During one such event at the end of last year, the actor Brian Blessed lost his temper and made an angry and dramatic exit from some corporate event after a Sales Director described one of his films as ‘crap’. Bad mistake, but how do you communicate with actors and celebrities when, against your will, you’re forced to spend time in their company? It’s not easy.

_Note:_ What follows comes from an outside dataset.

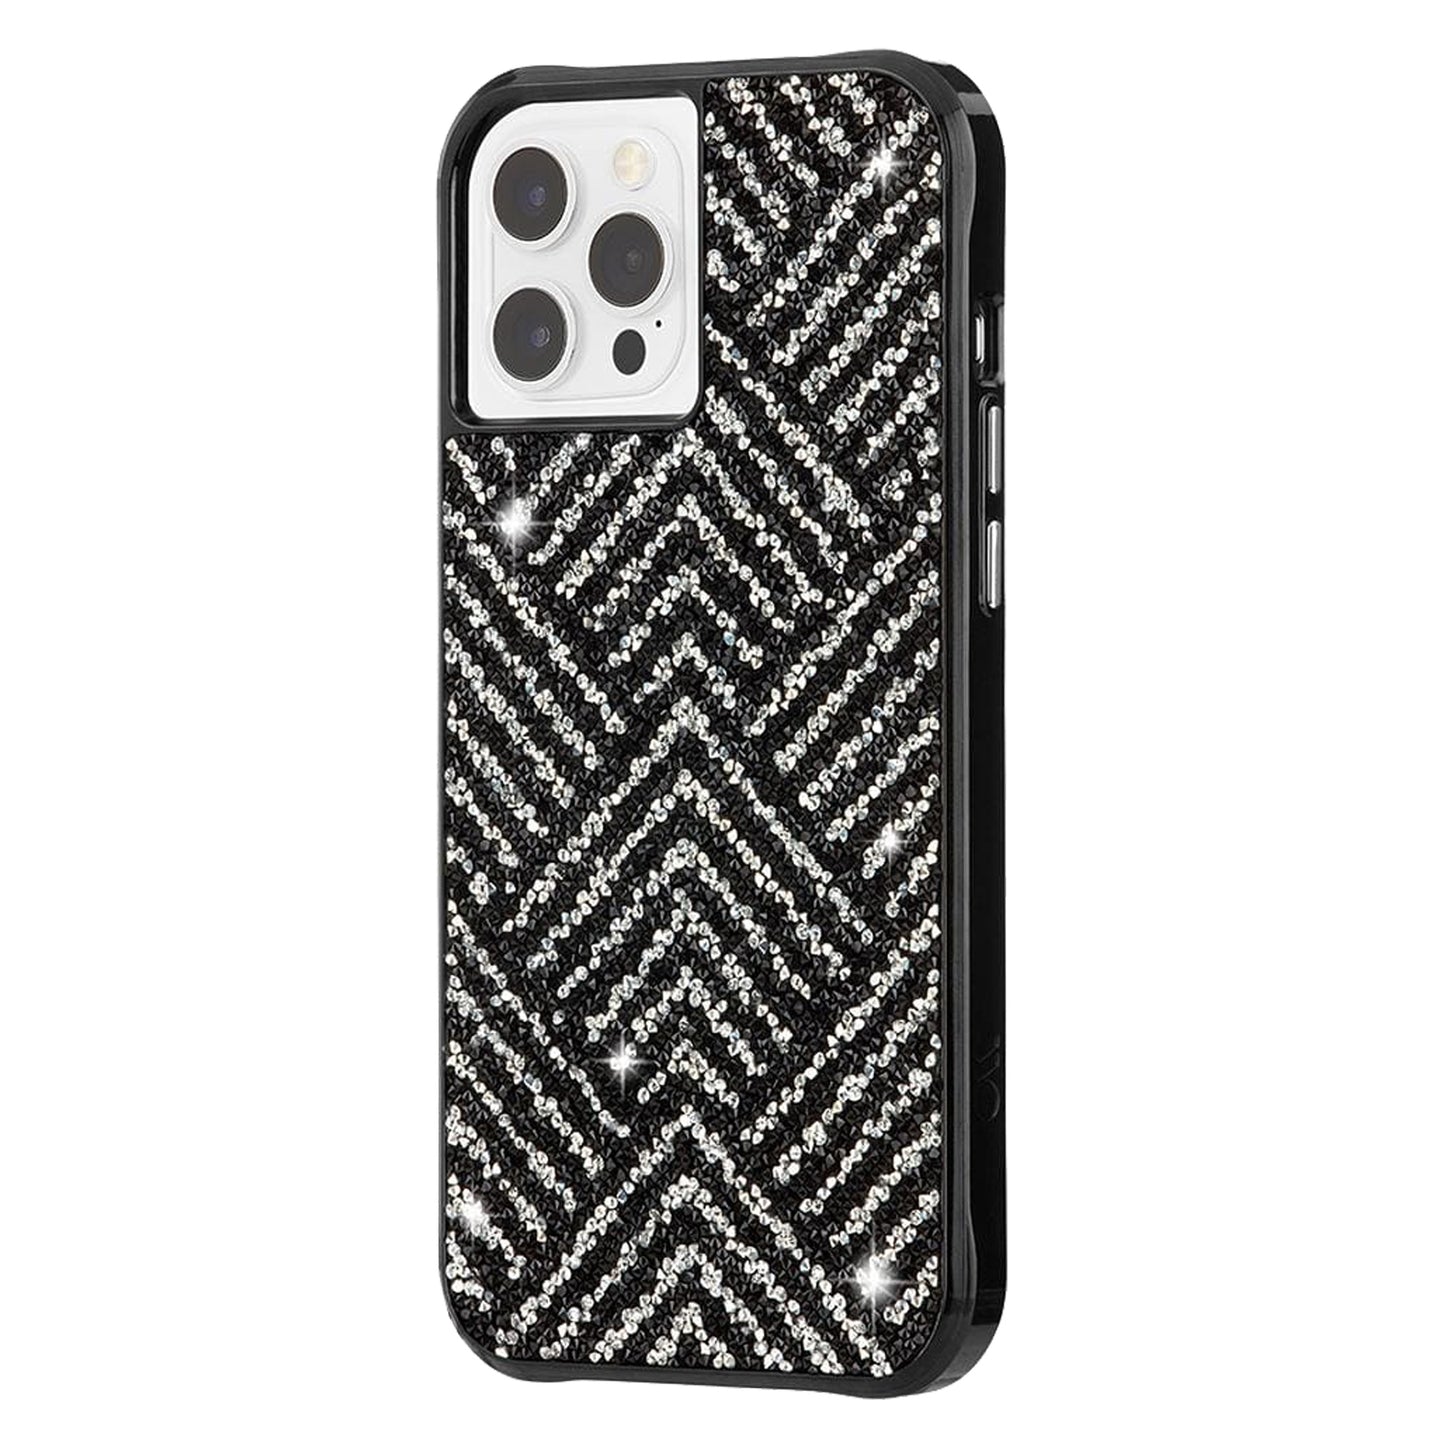 Case Mate Brilliance for iPhone 12 Mini 5.4 5G - Herringbone - Black with Micropel (Barcode: 846127196581 )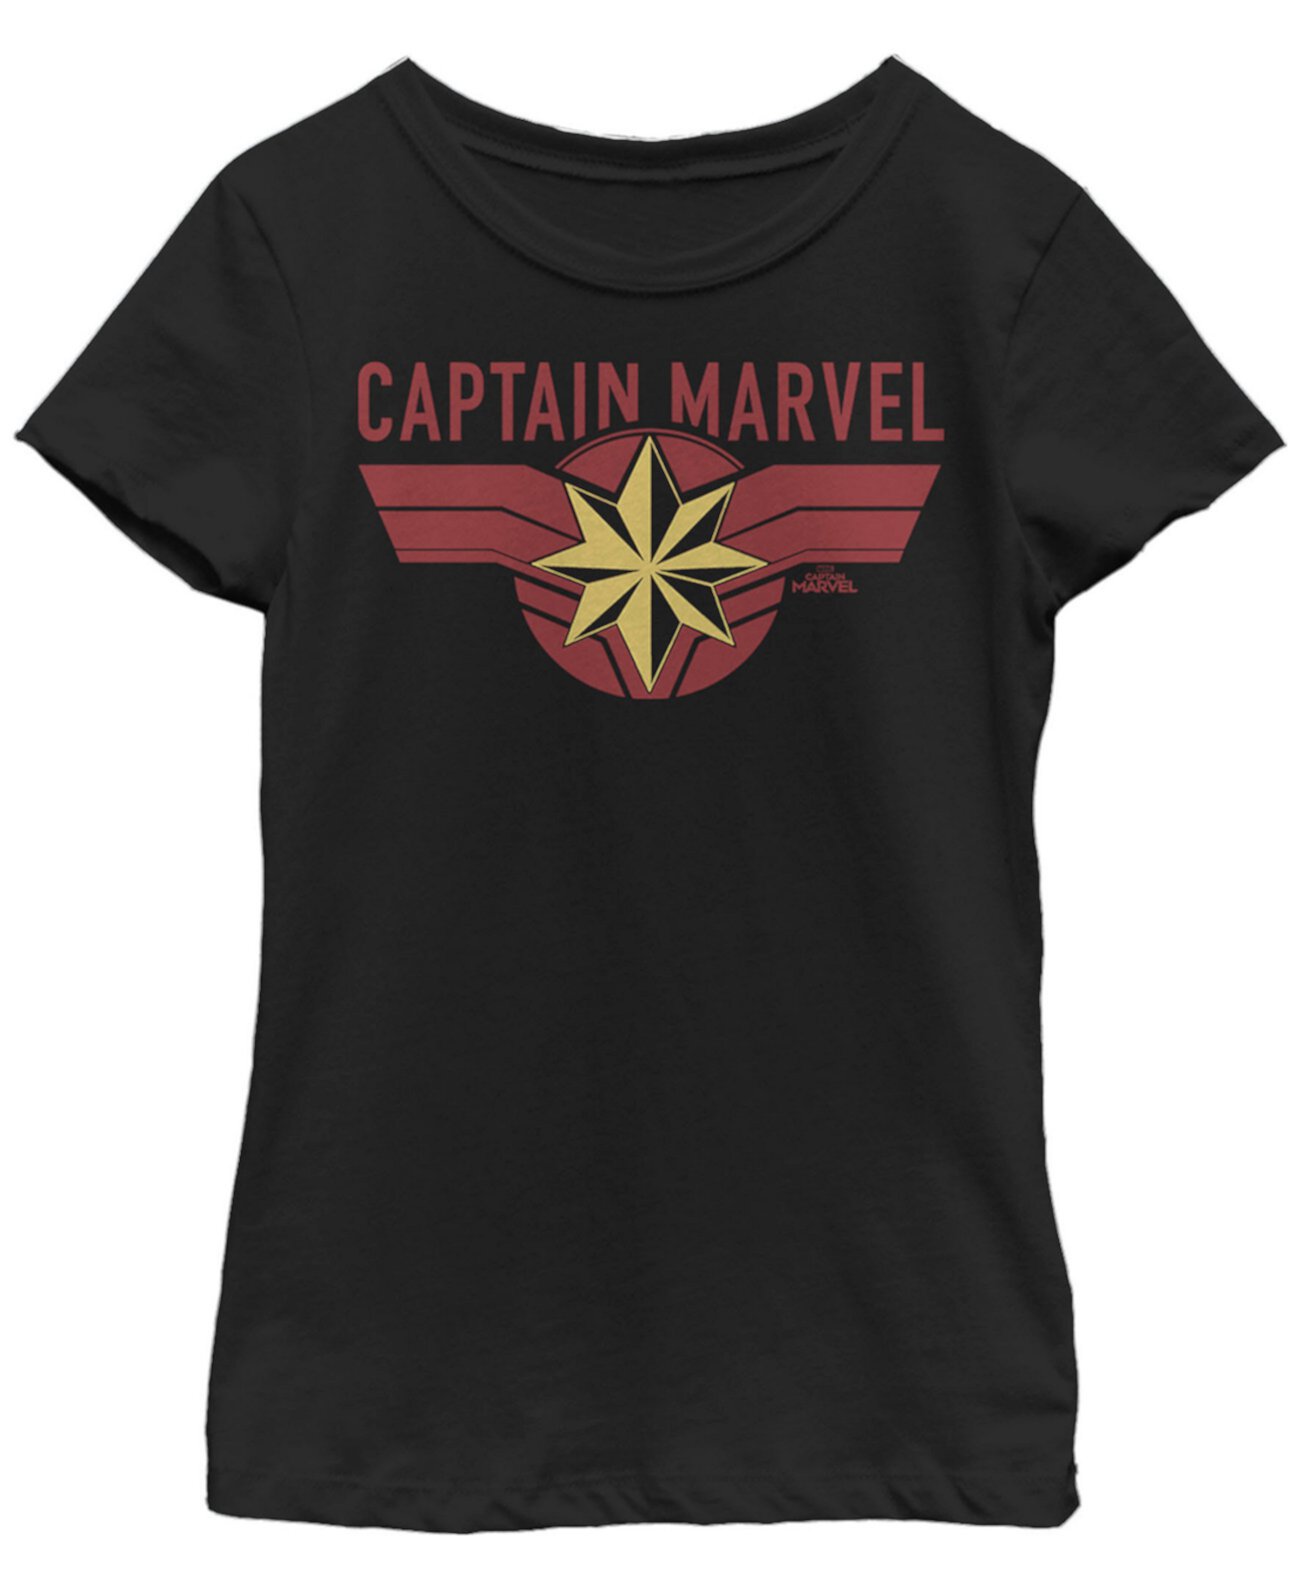 Marvel Big Girl's Капитан Marvel Золотая футболка с изображением звезды и короткими рукавами FIFTH SUN

Years ago, I spent some time with the writer John Le Carré who lives in a beautiful old line of coastguard cottages on the cliffs near to Land’s End. It was August. I was working as a Defence writer at the time and had managed to blag a demonstration flight in the back seat of a Royal Naval FA2 Sea Harrier. We took off from Yeovilton and flew across Exmoor to the Royal Marine Station at Chivenor where the pilot did a low pass over the base in honour of some anniversary or other. Then he put the aircraft through its paces over the sea to the west of Lundy Island before flying at low level to the Scilly Isles and returning to Penzance. We had about half an hour before the Harrier was due back to the base and the pilot asked me where I would like to go. Stuck for an answer, I asked him to ‘do a spectacular’ over Le Carré’s cottage. He did, demonstrating a manoeuvre in which the aircraft hovers and slowly genuflects towards a landmark or a group of spectators a short distance away. The noise from the Rolls-Royce Pegasus turbofan during the hover is enough to induce temporary, sometimes permanent, deafness and even insanity, although the pilot said that we probably had sufficient altitude to avoid any lasting physical damage to nearby humans. Anyway, I thought this was a memorable gesture of respect to the old boy. I was wrong. It was never mentioned and I suppose it must have been a worrying moment for a spook whose early years had been spent irritating the NKVD.
The point is that you must be careful when dealing with those who, like Brian Blessed and, in fact, all thespians, jealously guard their public image. There are rules governing social intercourse with those who tread the boards. There is no such thing as too much flattery. Size matters; for instance it would be a mistake to mention Alan Ladd in the presence of Tom Cruise. Never praise or even mention an actor’s peers in his or her presence and, if you feel that you must say something profound, try; ‘it’s actors who should be running theatres not impresarios.’ Mind you, it’s hard to know how to approach a man like Blessed who is mediaeval in appearance, monstrous in stature and has a voiced like foghorn. Every time I look at him, I think of Hildegard Neil, his lovely wife, who I used to fancy madly when I was at school. I suppose I’d better keep quiet about that as well.